La liberté existe-t-elle vraiment ?
Certains nient que l’homme soit libre. Tout, disent-ils, est déterminé d’avance : nos choix ne seraient que le produit de causes qui nous échappent, l’hérédité, l’éducation, le cerveau, les circonstances. Ce qu’on croit être un libre choix ne serait qu’une illusion, le sentiment d’une liberté qui n’existe pas. Cette position s’appelle le déterminisme. La raison peut lui répondre. D’abord, nier la liberté revient à se contredire soi-même : celui qui me demande de le croire suppose que je peux peser ses arguments et changer d’avis, donc que je suis libre de juger. Un être entièrement déterminé ne raisonnerait pas, il subirait ses idées sans pouvoir les juger. Ensuite, l’expérience intérieure de la délibération est trop constante et trop forte pour n’être qu’un mirage : nous savons, au moment de choisir, que la décision dépend de nous, et nous le savons mieux que toute théorie qui le nie. Enfin, toute la vie humaine, le droit, la morale, l’éducation, la promesse, le remords, repose sur la conviction que l’homme est responsable. Il est vrai que bien des choses pèsent sur nos choix et les inclinent ; la liberté humaine n’est pas absolue, elle s’exerce dans des conditions, avec des limites. Mais peser n’est pas contraindre : une inclination forte laisse encore place au choix, et c’est précisément le propre de l’homme de pouvoir, dans une certaine mesure, se déterminer malgré ses penchants.

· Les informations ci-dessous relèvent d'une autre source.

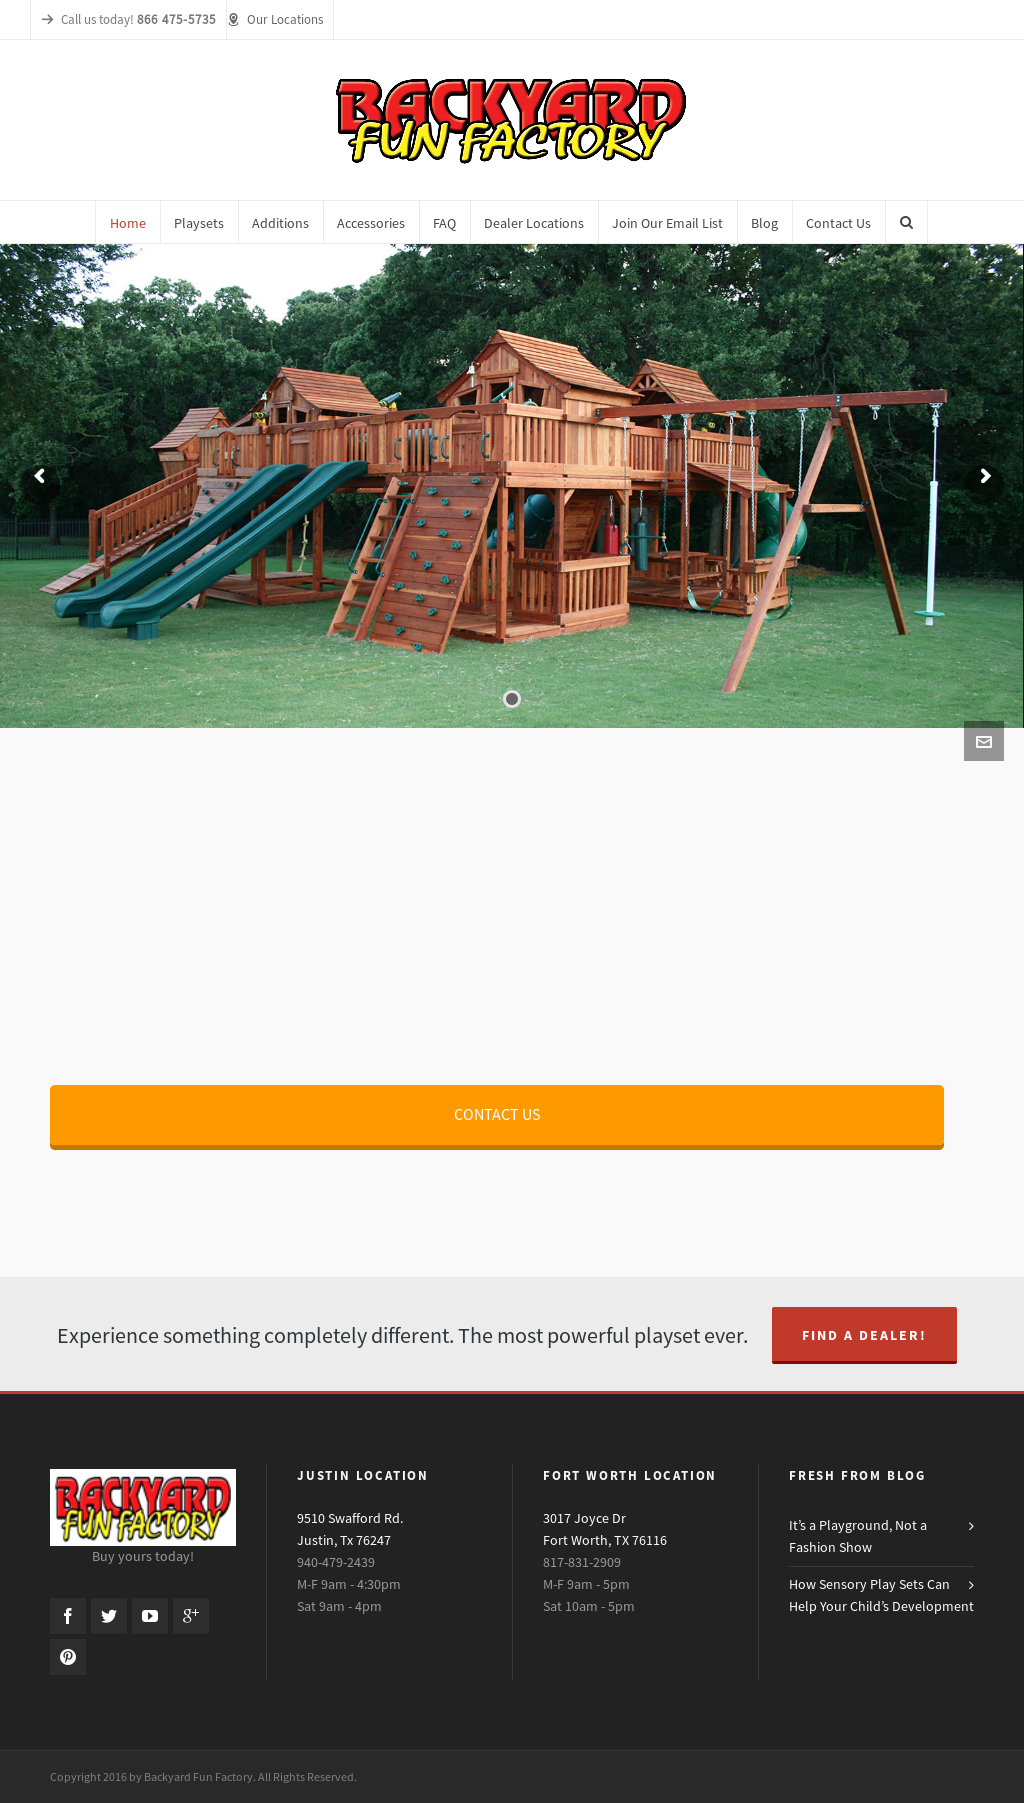 Backyard Fun Factory Website History

La vraie liberté : le choix du bien
Reste la question la plus importante, et la plus mal comprise. Beaucoup pensent que la liberté consiste à pouvoir faire n’importe quoi, et qu’elle serait d’autant plus grande qu’aucune règle ne la limite. C’est une erreur que la raison peut redresser. La liberté est faite pour le bien. Elle est le pouvoir de choisir, mais ce pouvoir est ordonné à un but, qui est de choisir ce qui est vraiment bon pour l’homme. Pouvoir choisir le mal n’est donc pas la perfection de la liberté, mais sa faiblesse. De même qu’une intelligence qui se trompe use moins bien de sa puissance qu’une intelligence qui atteint le vrai, une volonté qui choisit le mal est une liberté qui se manque, qui rate ce pour quoi elle est faite.

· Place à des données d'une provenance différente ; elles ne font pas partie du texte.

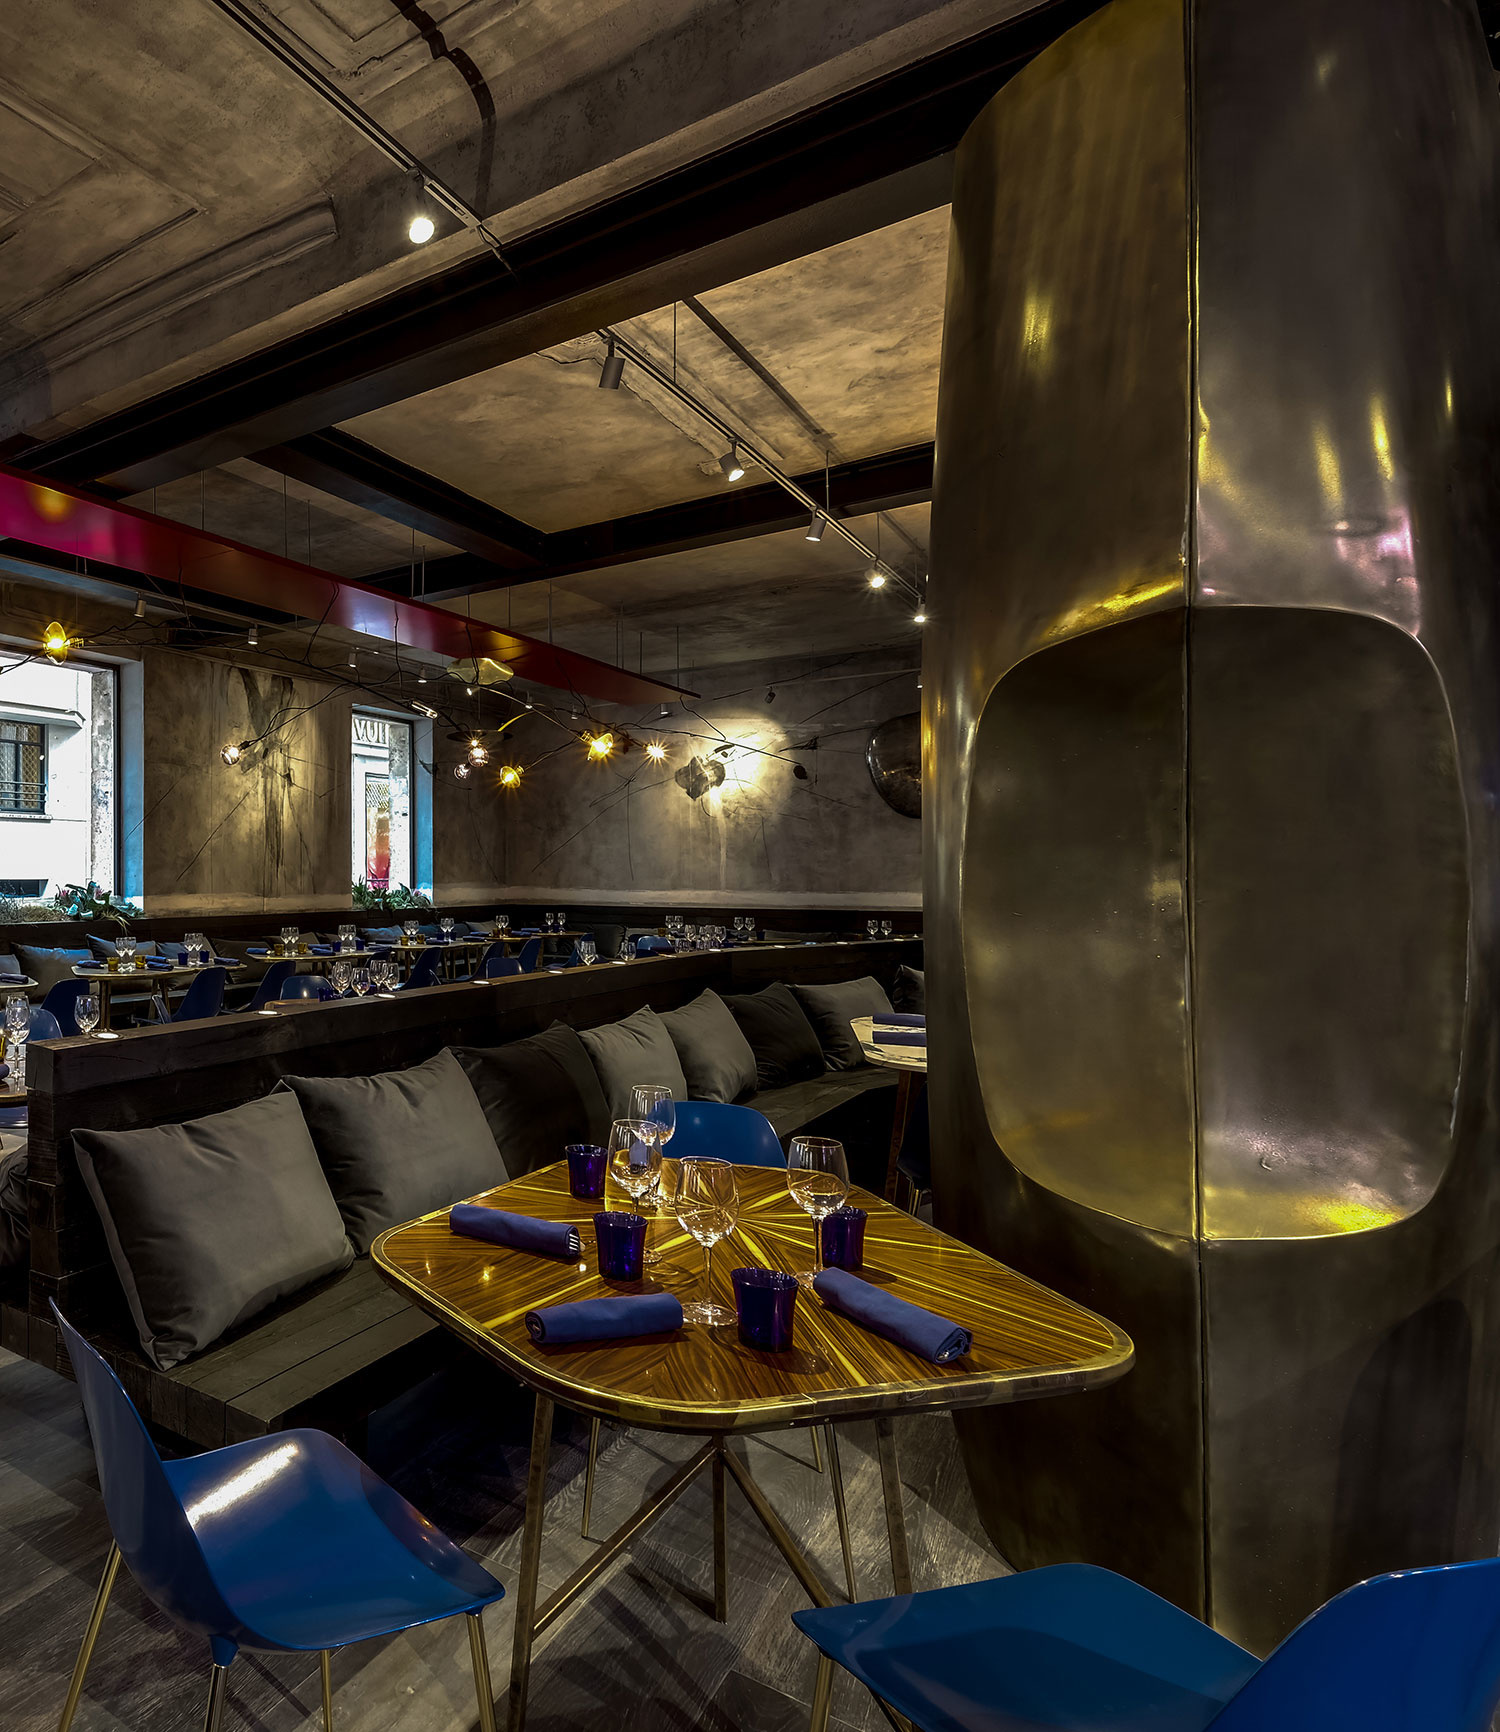 Парижский ресторан Jacopo – проект Натальи Белоноговой (галерея 8, фото 0)

L’expérience le confirme : le mal, loin de libérer, asservit. Celui qui s’adonne à une passion mauvaise en devient peu à peu l’esclave ; le menteur est prisonnier de ses mensonges, l’homme dominé par un vice perd la maîtrise de lui-même qu’il croyait élargir. Plus on choisit le mal, moins on est capable de choisir autre chose : la liberté se rétrécit à mesure qu’on en abuse. À l’inverse, l’homme qui choisit le bien se rend de plus en plus maître de lui, plus capable d’aimer, de donner, de tenir. C’est en cela que la vraie liberté grandit. Le Christ l’a dit avec force : « Quiconque se livre au péché est esclave du péché. » Jean 8:34. Le péché se présente comme une libération et se révèle une servitude. Et la liberté véritable, celle qui rend l’homme pleinement maître de lui et capable du bien, est un fruit que le Christ vient donner : « Si donc le Fils vous affranchit, vous serez vraiment libres. » Jean 8:36. Ainsi la raison et la foi se rejoignent : être libre, ce n’est pas faire ce qu’on veut, c’est devenir capable de vouloir et de faire le bien. La liberté n’est pleinement elle-même que tournée vers ce pour quoi elle est faite.